Verrill Farm has been kicking it since 1918, originally operating as a successful dairy business. In 1957, a young Stephen, fresh off a stint at Cornell, took over the reigns from his father, Floyd. He kept things status quo, surrounded by 150-some-odd cows, and soldiered on well past the death of the daily milk bottle delivery system and the advent of big-box supermarkets, until he just couldn’t sustain business any longer. By 1990, a decision had been made to sell off the herd and set up shop in the realm of vegetables. By 1995, they were operating their first farm stand and had begun supplying restaurants in and out of the city with produce.
Verrill says he doesn’t miss the milk business, where it was easy to lose money and required more work (“We were milking all those cows three times a day, so this feels like retirement!” he jokes). These days, Verrill and his wife Joan, along with their daughter Jennifer, look after 200 acres of land (100 for farming, and 100 for wildlife habitats, woodlands, and wetlands), a fully stocked store, a fully operating industrial kitchen, deli, and bakery, and a staff of 85.
“When we first started dealing with restaurants, we had a young fellow working here who would take his cell phone to bed with him,” Verrill says. “Chefs would call him at 1 or 2 in the morning when they were closing down for the night.”
Hamersley’s Bistro was among the first to climb aboard, along with The Charles Hotel’s Henrietta’s Table. Chef Steve Johnson of Rendezvous has been a fan since his days working at Hamersley’s. “Steve Verrill is a smart, talented grower and a good steward of the land,” says Johnson, who has been buying from Verrill for 23 years and counting. “I’ve had the pleasure of walking the fields there with him on many occasions over the years. He’s the living embodiment of the phrase, ‘Know your grower!'”
Little by little, the farm’s clientele has beefed up to a list hovering around 40, with appearances by No. 9 Park, 80 Thoreau, and Eastern Standard. The lettuces are constant favorites, and once corn season hits, the phones go nuts. They also deliver staple items like eggs to commercial accounts, like Fidelity and The Boston Globe.
Five years ago, while the Verrill family was away attending a wedding, a ceiling fan in the deli caught fire during a busy Saturday. The entire building burned to the ground, while customers watched in horror and firemen tried in vain to stop it. It was the first disaster to ever befall the family operation, and the rebuilding process was a trying time, to say the least. In a move befitting our current love affair with farmers and local produce, the community rallied around Verrill, spending as much as they could to support them during the transition.

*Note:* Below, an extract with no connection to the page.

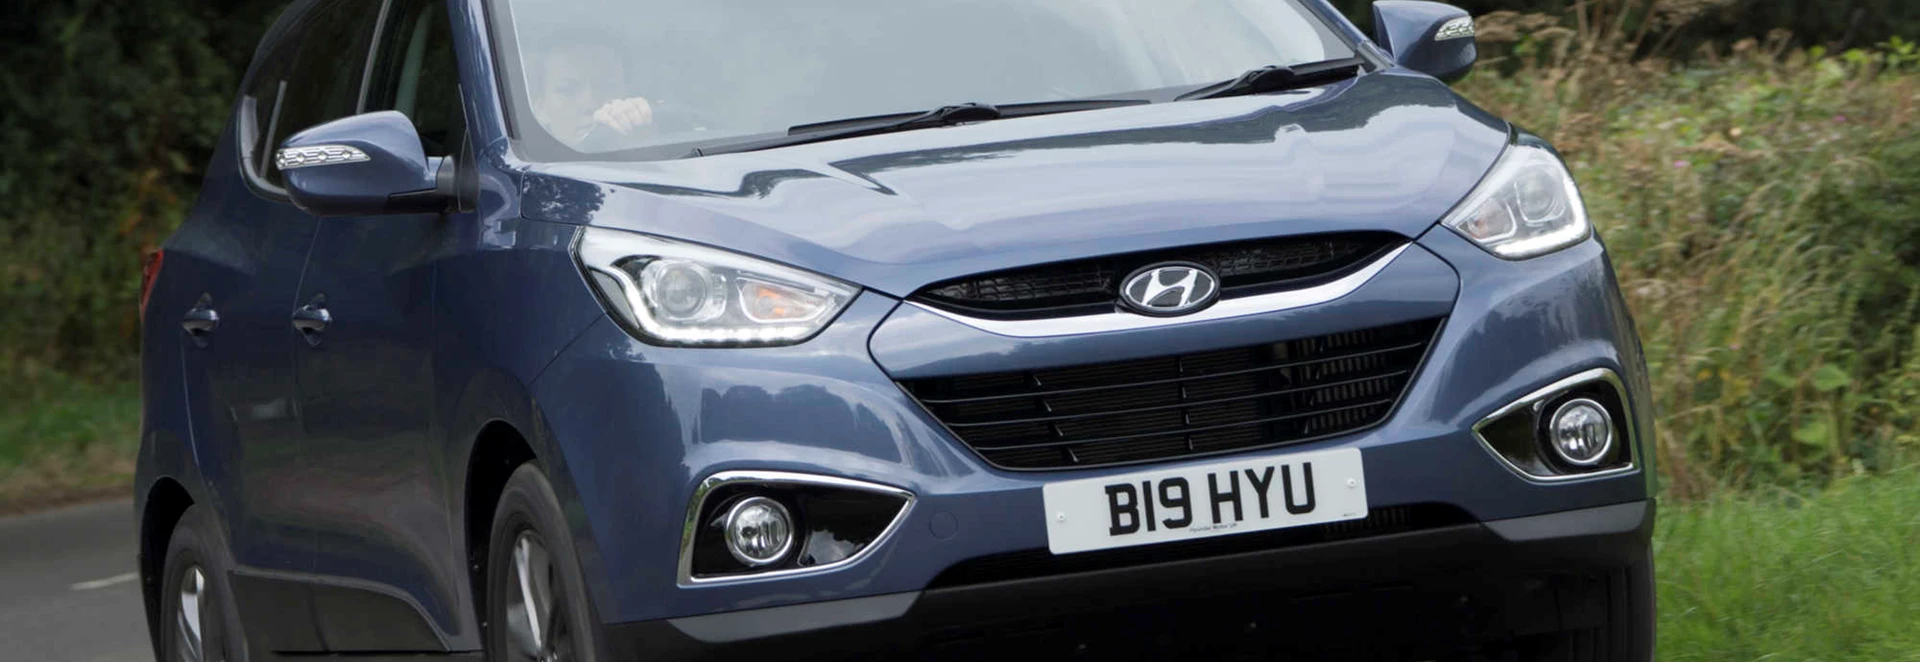 Hyundai ix35 crossover review - Car Keys

The freshly-built farm stand, topped with a Minuteman weathervane Verrill crafted himself, is now back to normal, the kitchen humming with activity and a few early customers perusing the shelves. We walk back outside and look out over the surrounding fields, where neon green carpets the ground as far as I can see.
Verrill tells me that he has no plans to retire and spend his golden years on a porch somewhere. According to him, he’ll be in the fields until his last day.
“Otherwise, you get rusty,” he says, laughing.